• TASK DETAILS: All of the data goes into your copy exactly as written. Images do not.

• INFORMATION SUPPLIED:

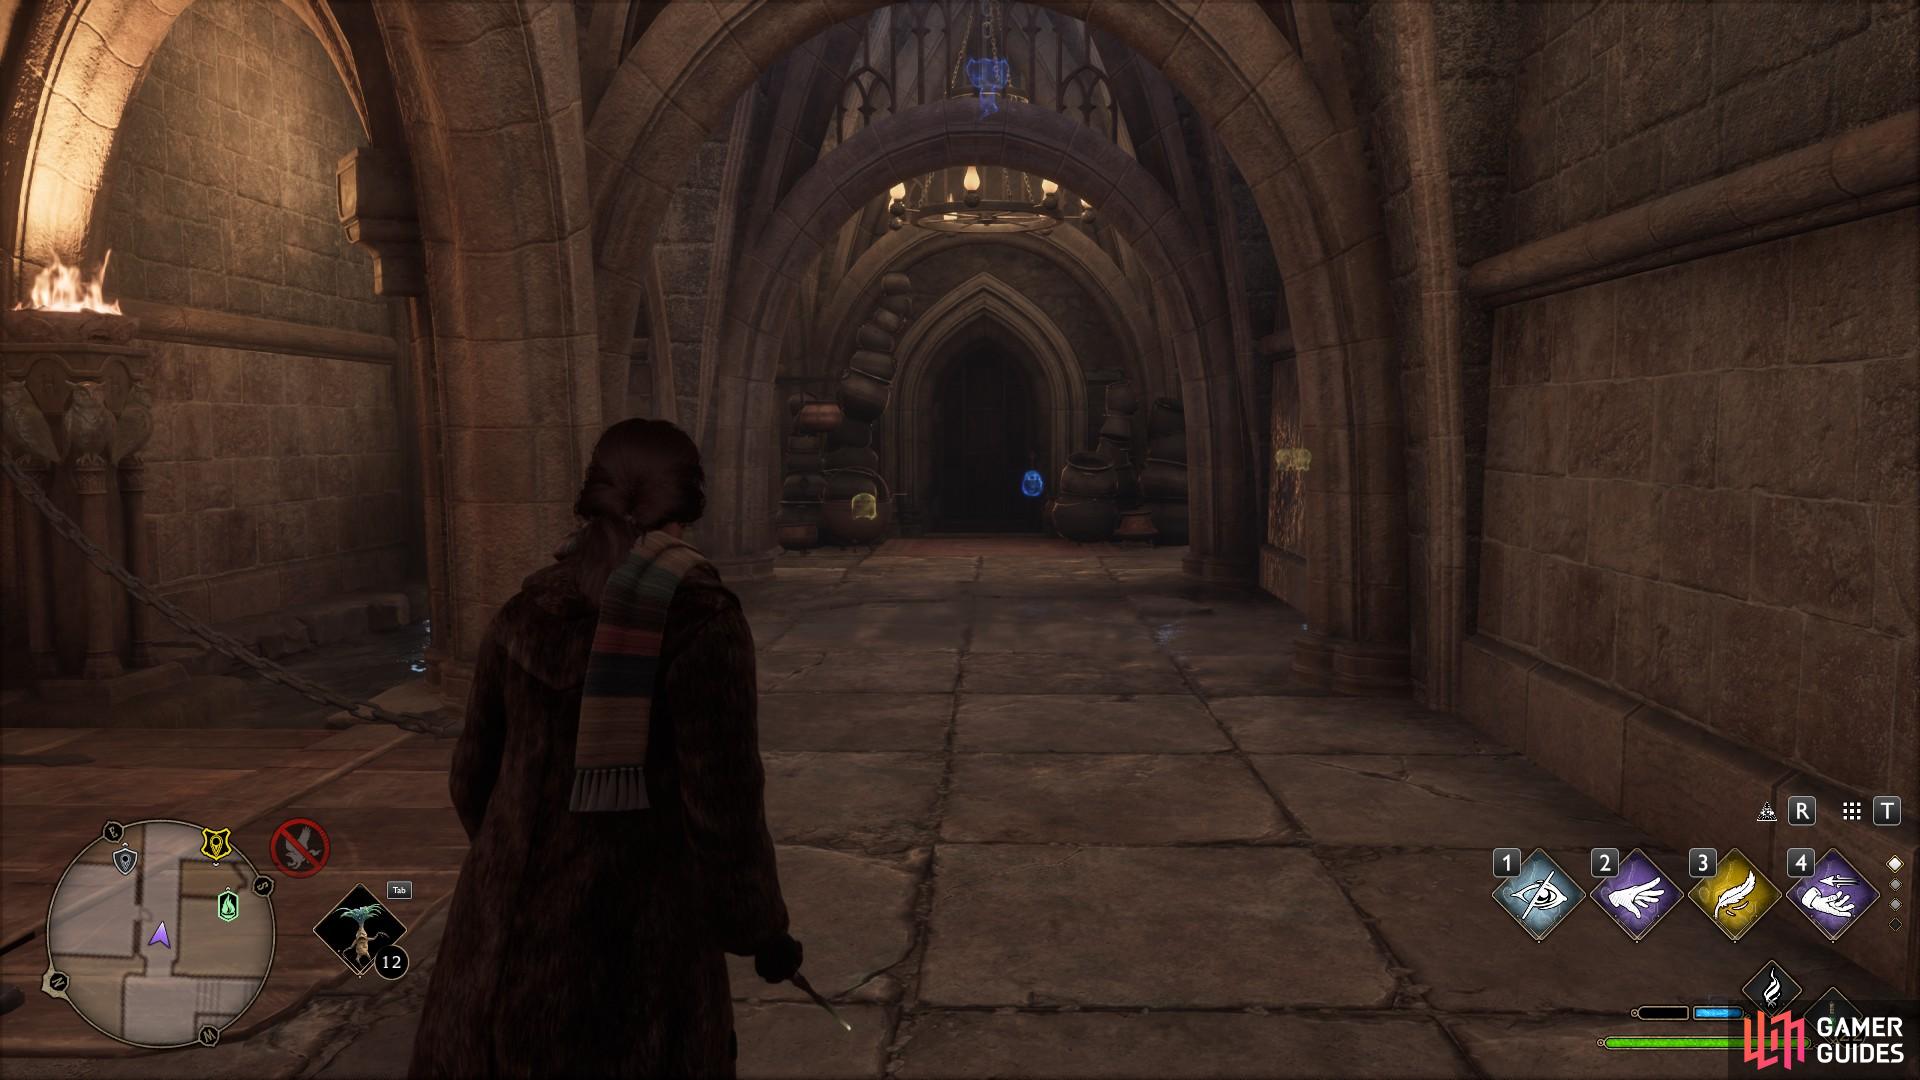 Head into the dungeons via the Bell Tower stairs to find the potions room.
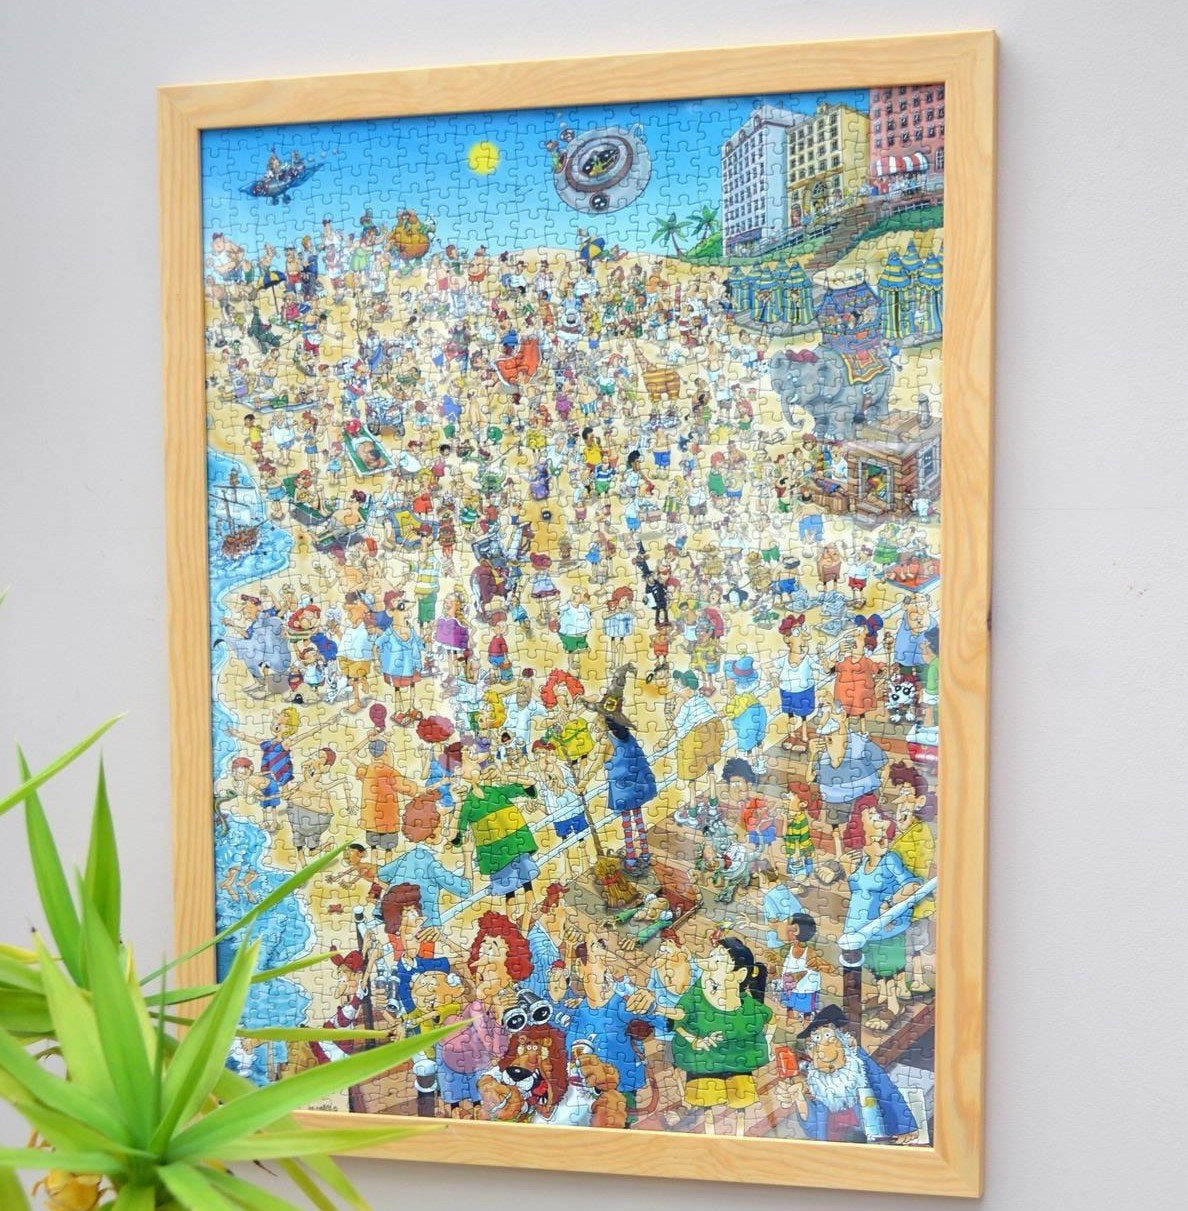 Wooden Frame for AJP Branded 1000 Piece Jigsaw Puzzles
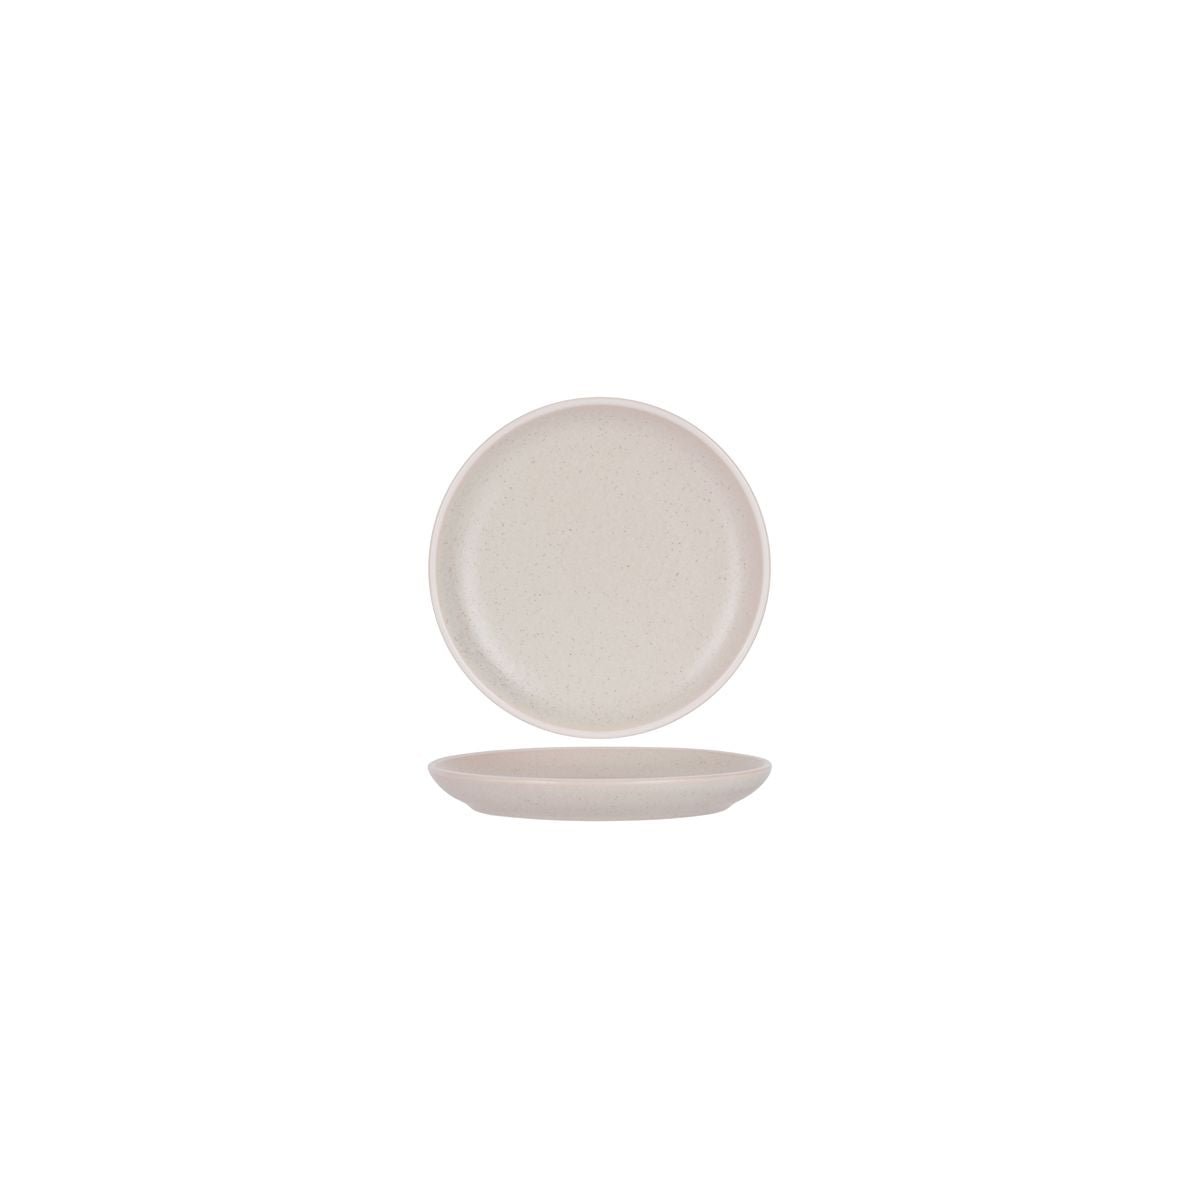 Tablekraft Urban Round Coupe Plate 160Mm Sand: Pack of 6
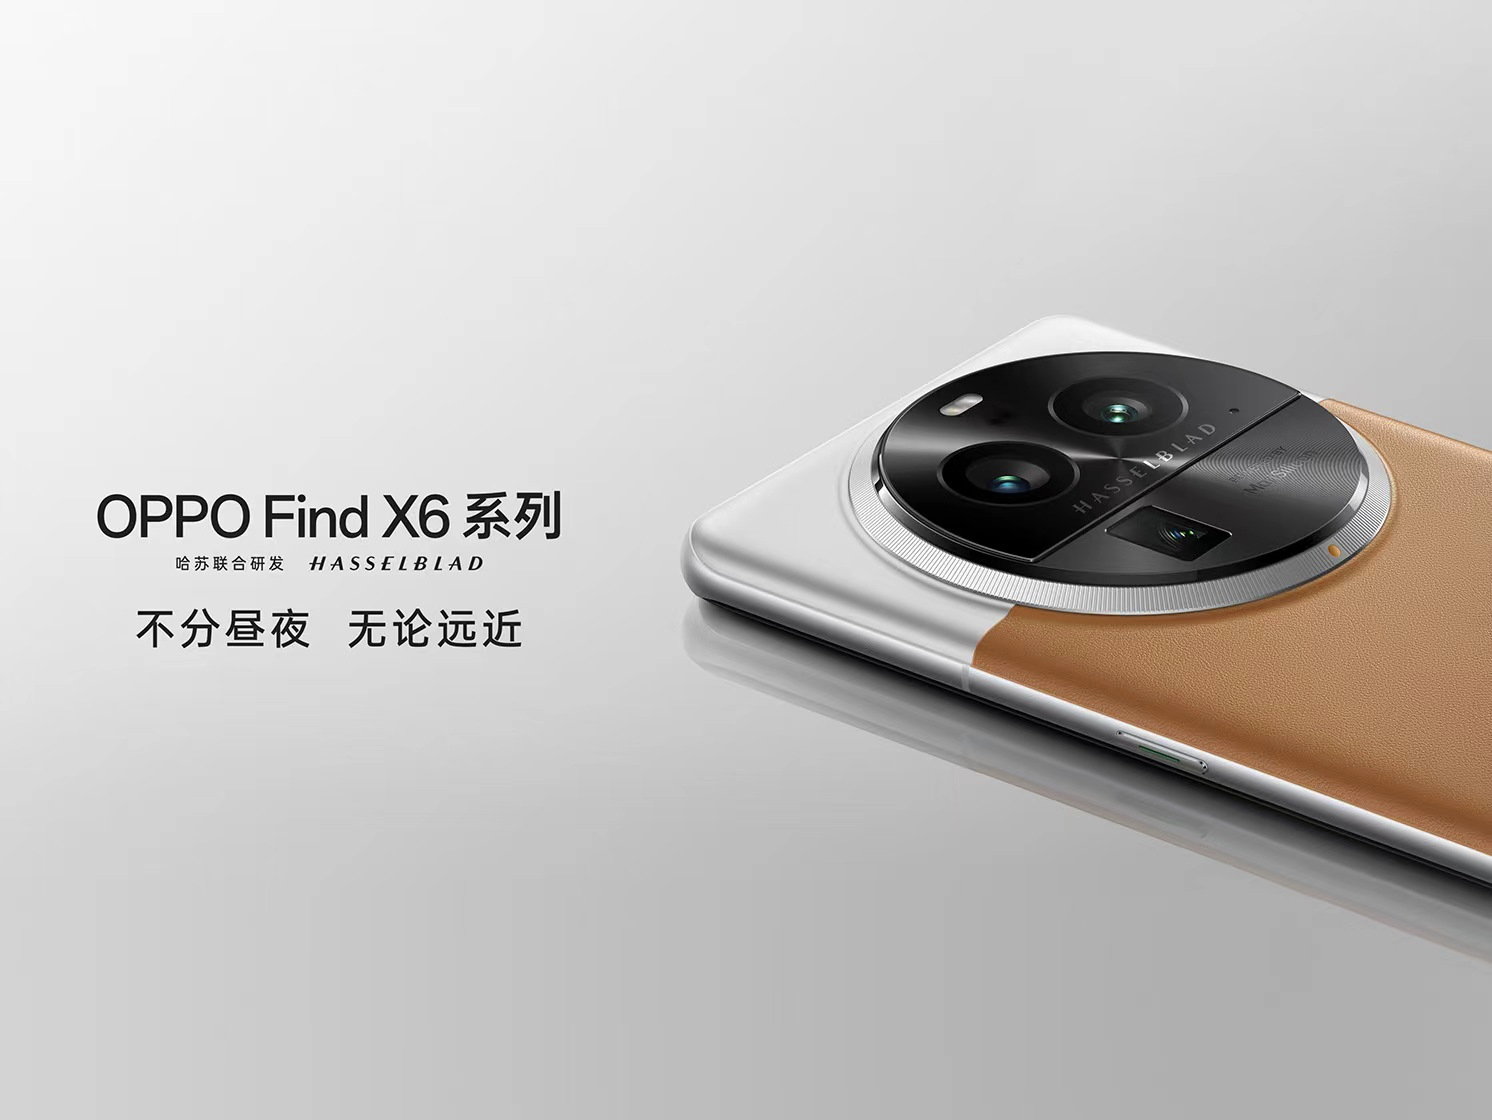 OPPO Find X7 Ultra launched with SD 8 Gen 3 and Quad Cameras

• SOLVED EXERCISE:
 Head into the dungeons via the Bell Tower stairs to find the potions room.
 Wooden Frame for AJP Branded 1000 Piece Jigsaw Puzzles
 Tablekraft Urban Round Coupe Plate 160Mm Sand: Pack of 6
 OPPO Find X7 Ultra launched with SD 8 Gen 3 and Quad Cameras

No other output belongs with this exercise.